DateTime now = DateTime.Now

/ / Get the days and milliseconds which will be used to build the byte string

TimeSpan days = new TimeSpan (now.Ticks-baseDate.Ticks)

TimeSpan msecs = new TimeSpan (now.Ticks-(new DateTime (now.Year, now.Month, now.Day) .Ticks))

/ / Convert to a byte array

/ / Note that SQL Server is accurate to 1/300th of a millisecond so we divide by 3.333333

Byte [] daysArray = BitConverter.GetBytes (days.Days)

Byte [] msecsArray = BitConverter.GetBytes ((long) (msecs.TotalMilliseconds/3.333333))

/ / Reverse the bytes to match SQL Servers ordering

Array.Reverse (daysArray)

Array.Reverse (msecsArray)

/ / Copy the bytes into the guid

Array.Copy (daysArray, daysArray.Length-2, guidArray, guidArray.Length-6,2)

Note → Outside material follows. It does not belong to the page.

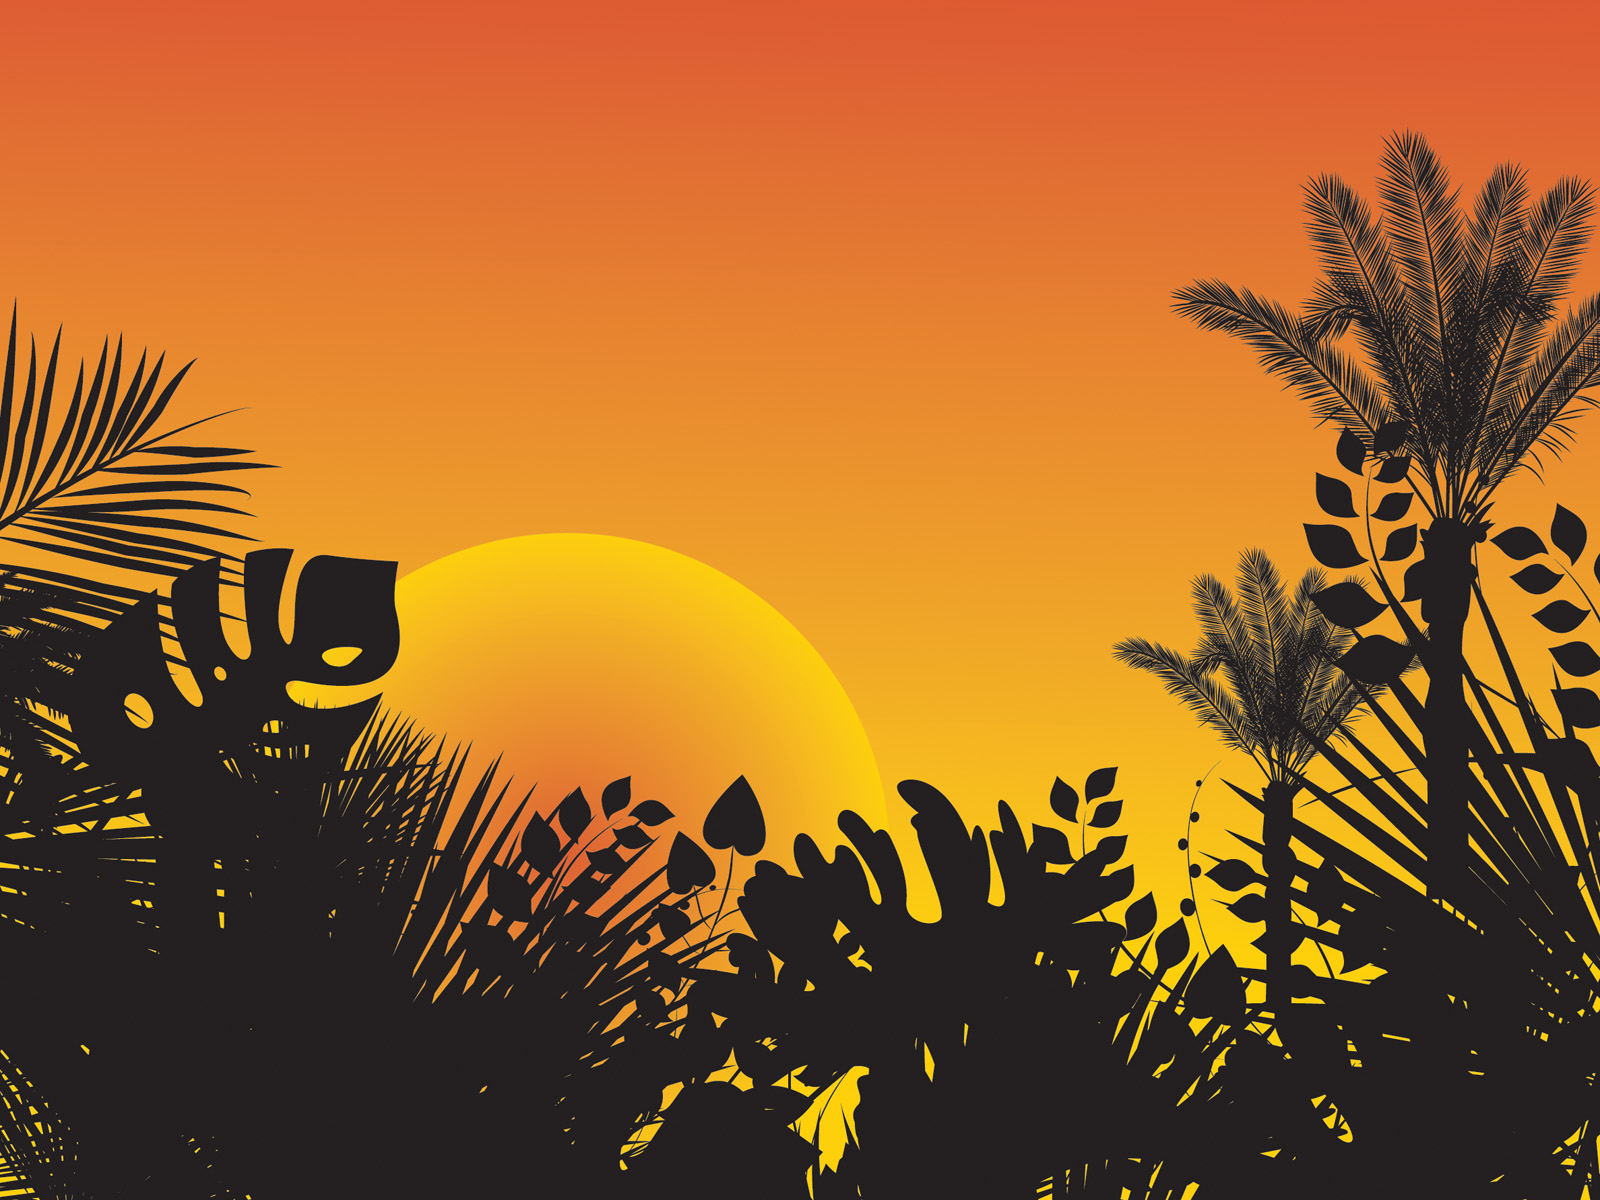 Tropical Sunset Design PPT Backgrounds - Design Templates

Array.Copy (msecsArray, msecsArray.Length-4, guidArray, guidArray.Length-4,4)

Return new System.Guid (guidArray)

}

/ / =

/ * /

/ / generate time information from the GUID returned by SQL SERVER

/ / /

/ / COMB containing time information

/ time

Public static DateTime GetDateFromComb (System.Guid guid)

{

DateTime baseDate = new DateTime (1900 and 1)

Byte [] daysArray = new byte [4]

Byte [] msecsArray = new byte [4]

Byte [] guidArray = guid.ToByteArray ()

/ / Copy the date parts of the guid to the respective byte arrays.

Array.Copy (guidArray, guidArray.Length-6, daysArray, 2,2)

Array.Copy (guidArray, guidArray.Length-4, msecsArray, 0,4)

/ / Reverse the arrays to put them into the appropriate order

Array.Reverse (daysArray)

Array.Reverse (msecsArray)

/ / Convert the bytes to ints

Int days = BitConverter.ToInt32 (daysArray, 0)

Int msecs = BitConverter.ToInt32 (msecsArray, 0)

DateTime date = baseDate.AddDays (days)

Date = date.AddMilliseconds (msecs * 3.333333)

Return date

}

At this point, I believe you have a deeper understanding of "how to implement the primary key in database design". You might as well do it in practice. Here is the website, more related content can enter the relevant channels to inquire, follow us, continue to learn!

Welcome to subscribe "Shulou Technology Information " to get latest news, interesting things and hot topics in the IT industry, and controls the hottest and latest Internet news, technology news and IT industry trends.

*The comments in the above article only represent the author's personal views and do not represent the views and positions of this website. If you have more insights, please feel free to contribute and share.